---------- DATA FOR THIS TASK ----------

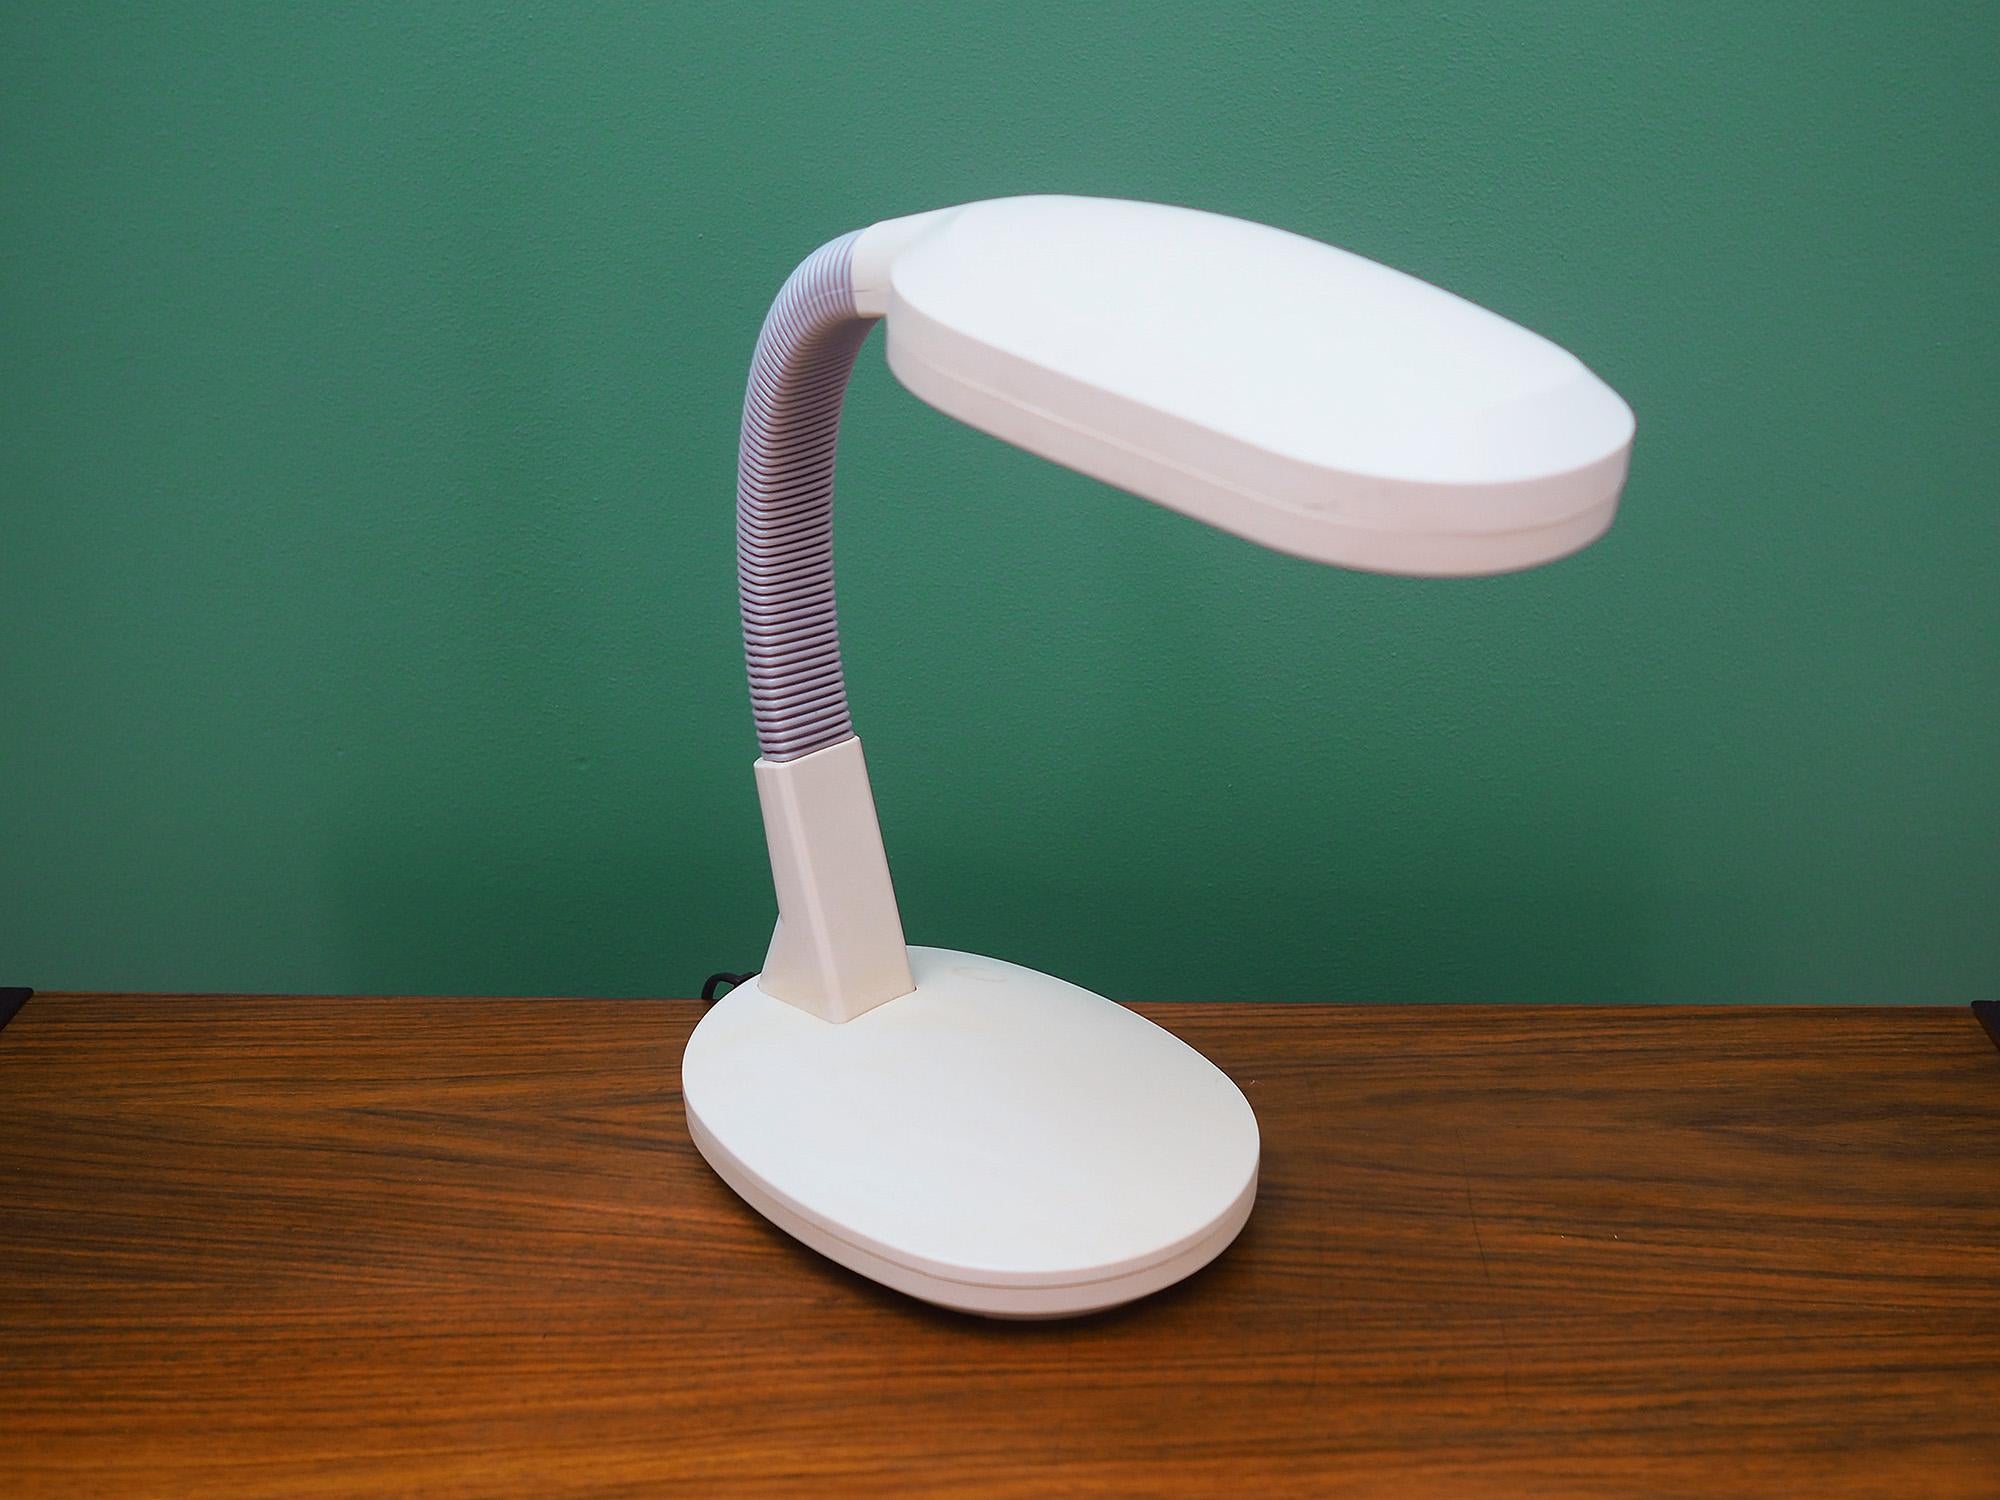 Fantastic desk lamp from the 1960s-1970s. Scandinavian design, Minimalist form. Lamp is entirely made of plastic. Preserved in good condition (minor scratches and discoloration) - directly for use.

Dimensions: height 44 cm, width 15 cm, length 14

----------
---------- DATA FOR THIS TASK ----------

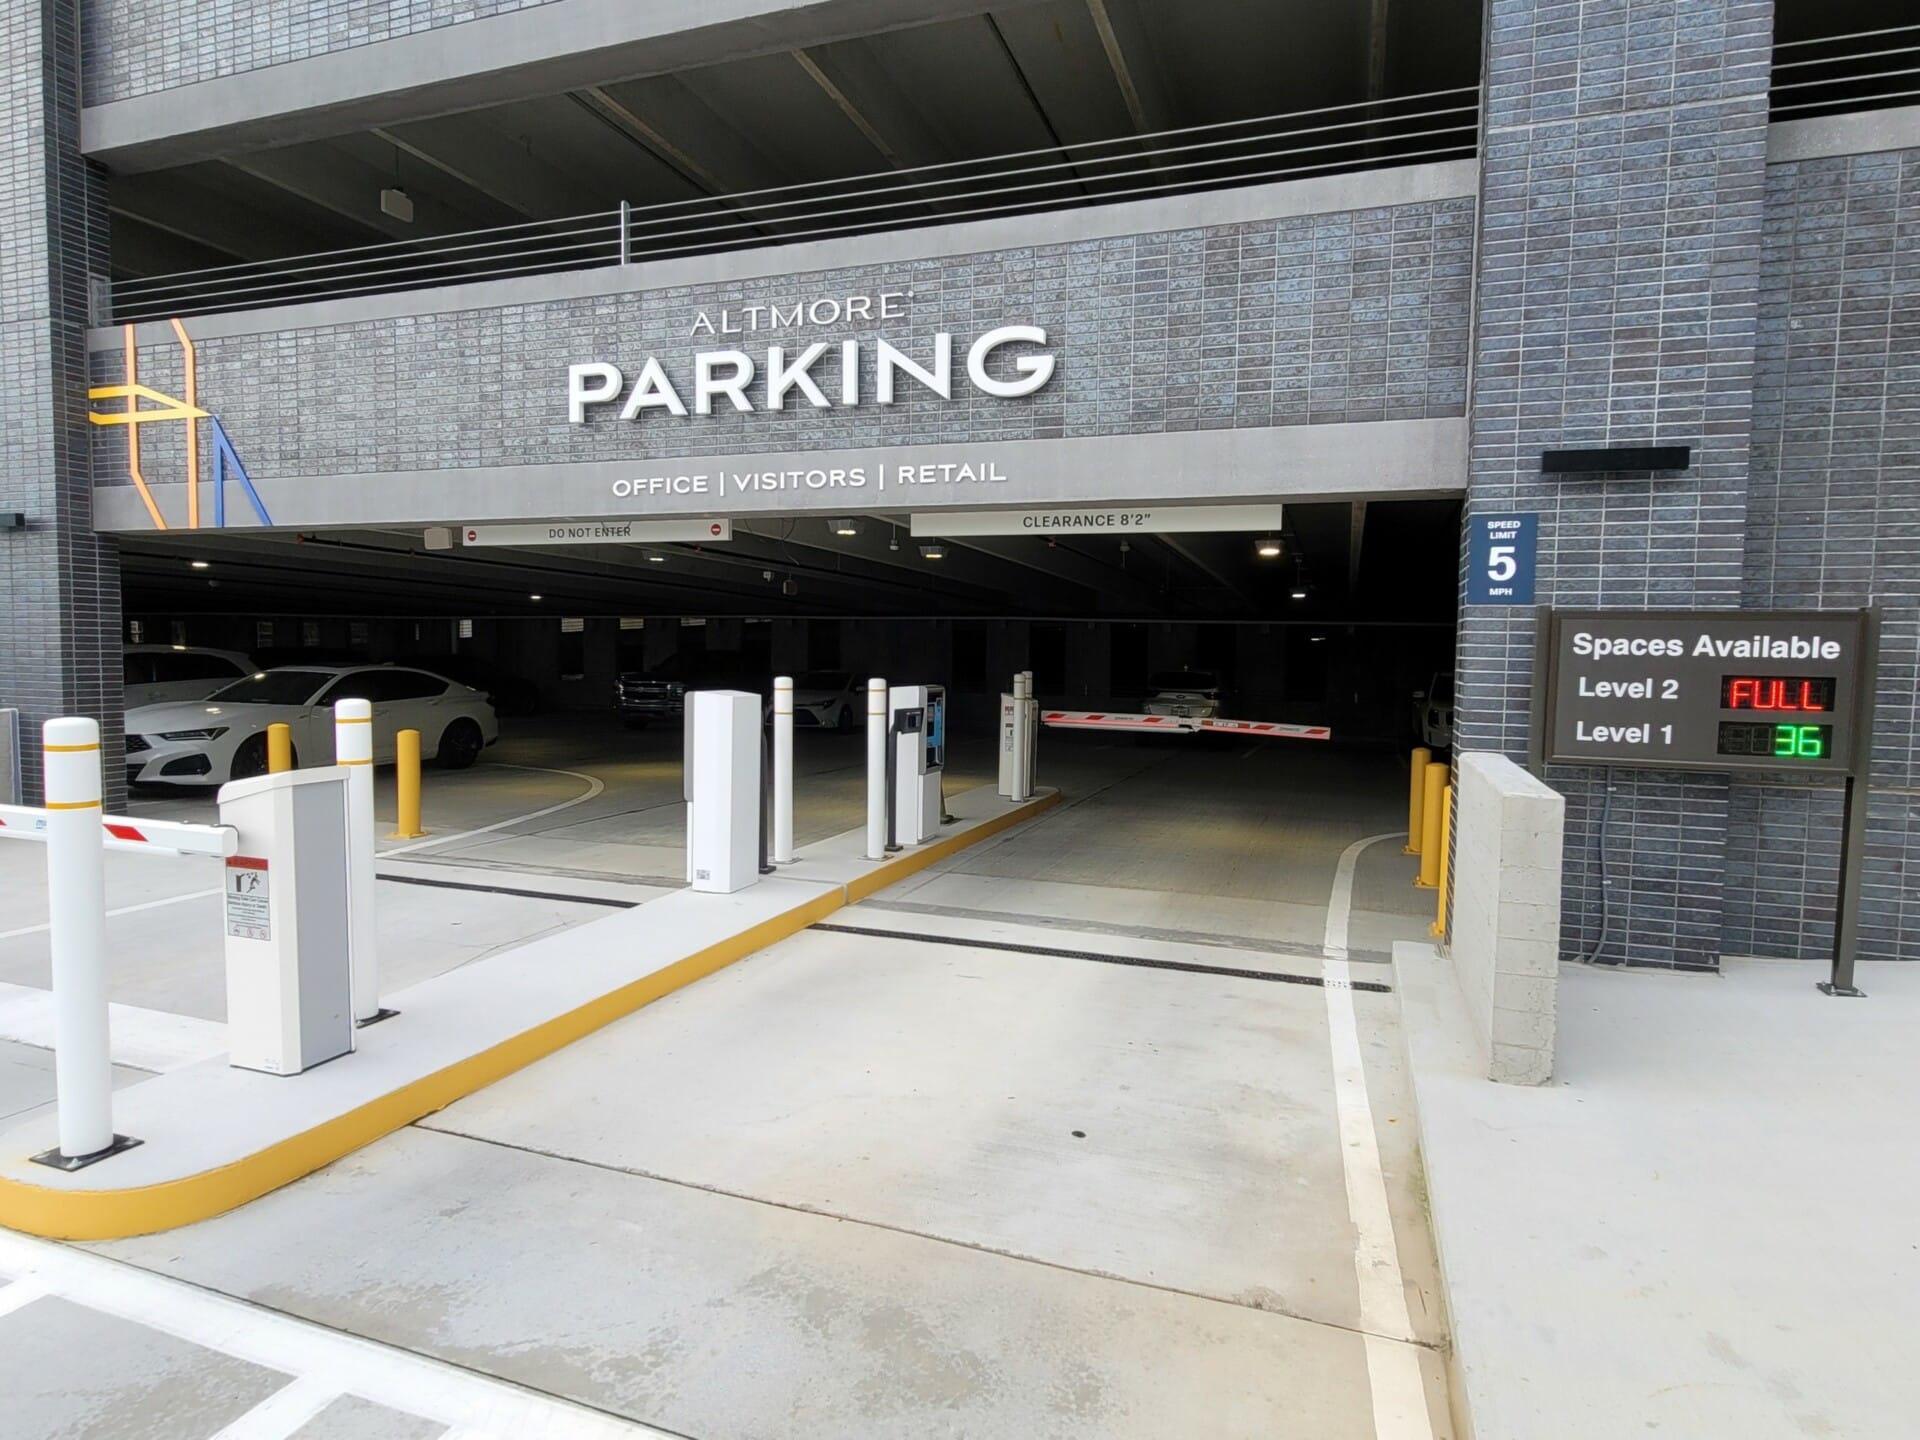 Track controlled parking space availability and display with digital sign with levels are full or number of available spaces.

----------

**EXERCISE:** Your answer should be the exact lines above from the one containing "Fantastic desk lamp" through the one containing "Dimensions: height 44", with both end lines kept and the pictures removed, please.

**EXERCISE OUTPUT:**
 Fantastic desk lamp from the 1960s-1970s. Scandinavian design, Minimalist form. Lamp is entirely made of plastic. Preserved in good condition (minor scratches and discoloration) - directly for use.

Dimensions: height 44 cm, width 15 cm, length 14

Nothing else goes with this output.